T_aquaticus · March 25, 2021, 7:42pm

Part of that database is a phylogeny, and for 3% of that phylogeny they were able to assign function. What “assign function to 3%” means isn’t entirely clear from my brief reading of the paper, but I would imagine it indicates coverage of the species in the tree. With that small amount of coverage, SIFTER was able to predict the function of the “unknown” genes they used in the test with 96% accuracy.

The paper gets pretty dense in parts, but here is a snippet from one section and a figure from later in the paper:

We chose these 100 families to meet one of the following two criteria: (1) greater than 10% proteins with experimental annotations (and more than 25 proteins), or (2) more than nine experimental annotations. Families with fewer than two incompatible experimental GO functions were excluded. The families had an average of 235 proteins, ranging from 25 to 1,116 proteins. On average, 3.3% of the proteins in a family had IDA annotations, and 0.4% had IMP annotations. Both SIFTER and Orthostrapper relied on this particularly sparse dataset for inference; evaluative techniques involving the removal of any of these annotations from inference tended to trivialize the results (e.g., removing a lone experimental annotation for a particular function did not enable that function prediction for homologous proteins). Selecting well-annotated families via these criteria assists SIFTER, but it should also enhance the performance of all of the function transfer methods evaluated here. Note also that SIFTER does not require this level of annotation accuracy to be effective, as discussed below. Finally, it is important to note that many of the IEA annotations from the GOA database may come from one of the assessed methods, so we can expect consistency to be quite high.

Figure 3. Results for Pruned Version of the AMP/Adenosine Deaminase Family

The reconciled phylogeny used in inference is shown, along with inferential results (both the posterior probabilities for the deaminase substrates and the function prediction based on the maximum posterior probability). Eight of the proteins in this tree were annotated with growth factor activity, with the second highest probability being adenosine deaminase. The function observations used for inference are denoted by filled boxes to the left of the column with the posterior probabilities. For each substrate specificity that arises, a single edge in the phylogeny identifies a possible location for that mutation. The highlighted sequences are discussed in the text. The blue vertices represent speciation events and the red vertices represent duplication events. The tree was rendered using ATV software, version 1.92 [68].
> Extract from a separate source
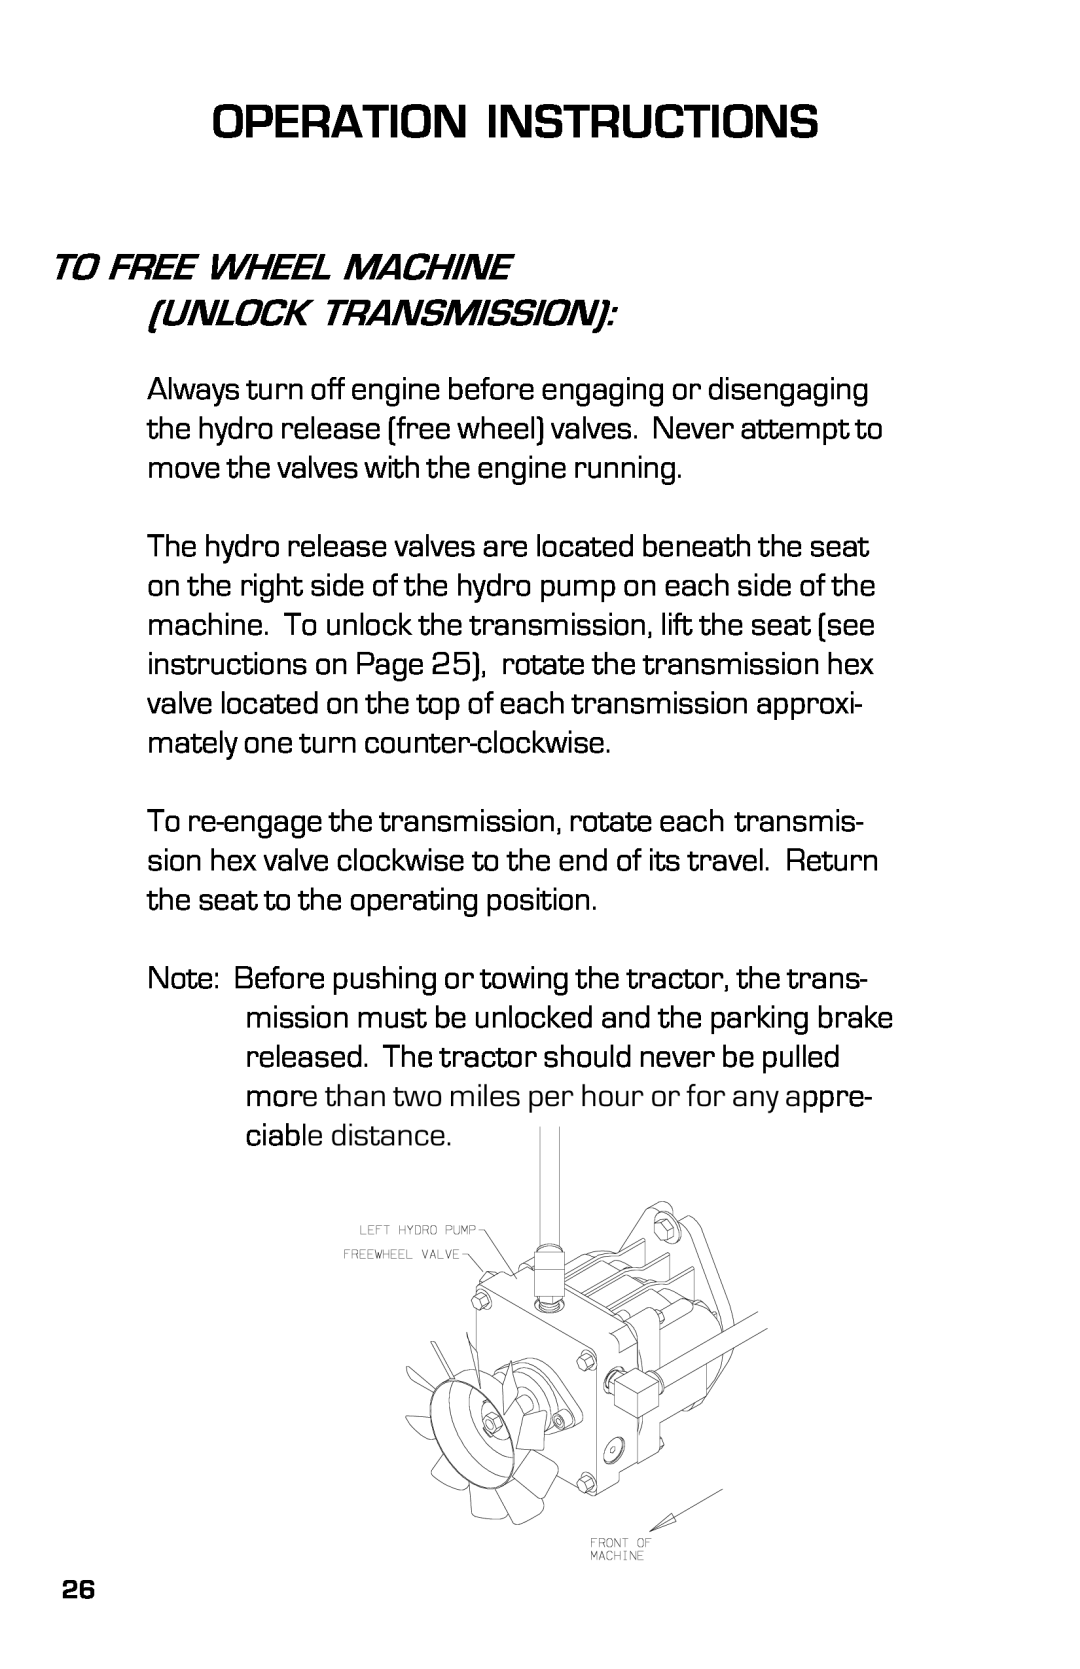 Dixon 8000D manual To Free Wheel Machine Unlock Transmission, Operation Instructions 
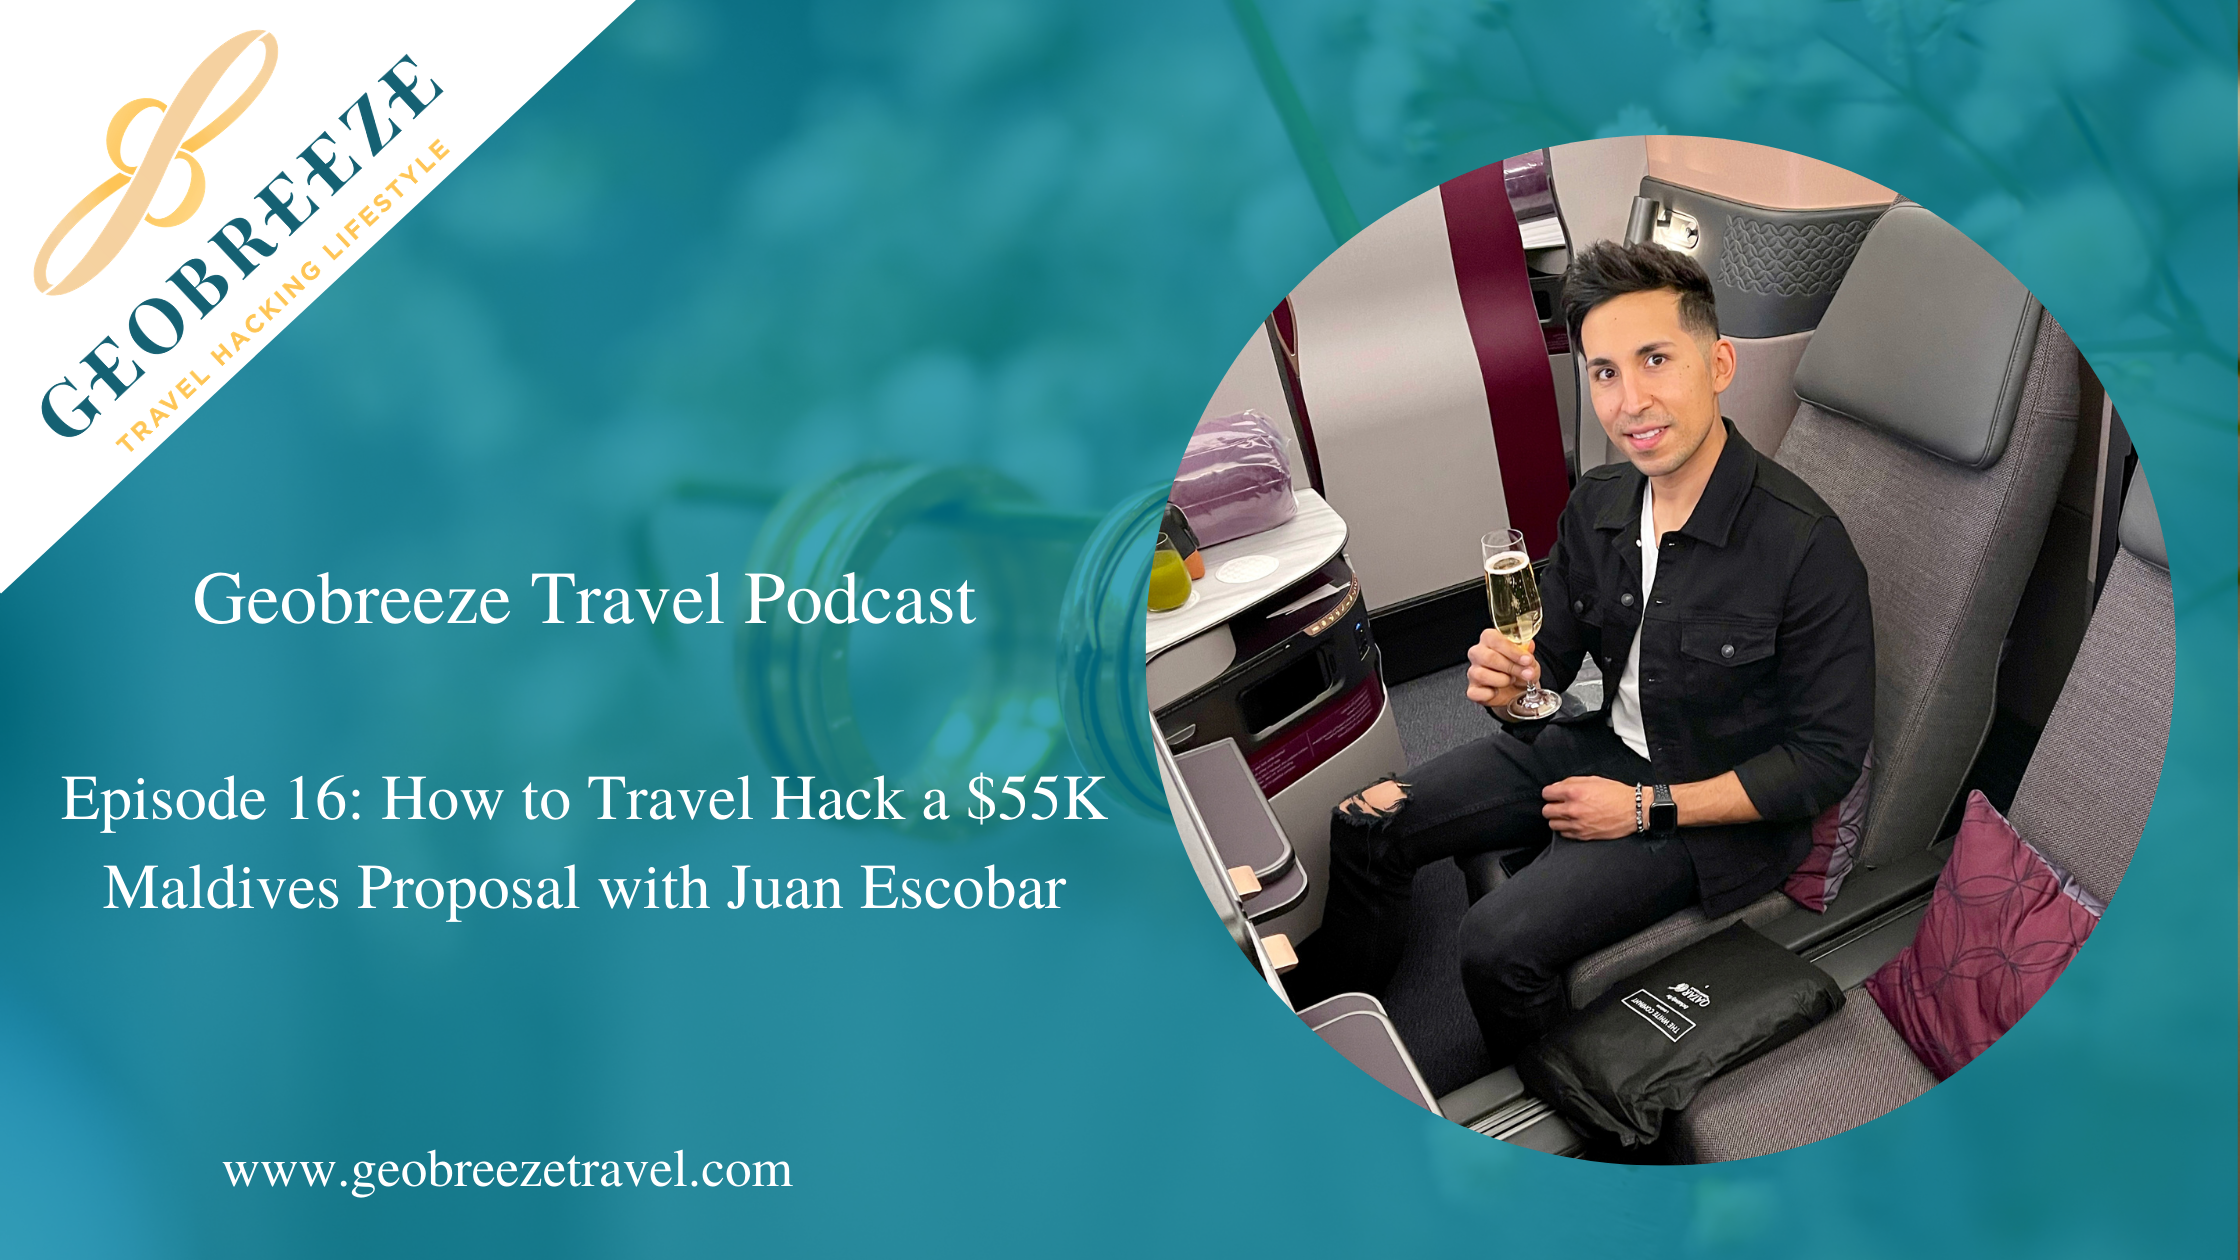 Episode 16: How to Travel Hack a $55K Maldives Proposal with Juan Escobar

Protein Molecular Function Prediction by Bayesian Phylogenomics | PLOS Computational Biology

Protein Molecular Function Prediction by Bayesian Phylogenomics

John_Harshman · March 25, 2021, 8:57pm

I’m afraid that was opaque to me. The database appears to be a protein database with annotated functions. The phylogeny is a separate input. And what does “they were able to assign function” mean? Is this prior to the analysis? How was accuracy determined if they couldn’t assign function to the proteins in the analysis?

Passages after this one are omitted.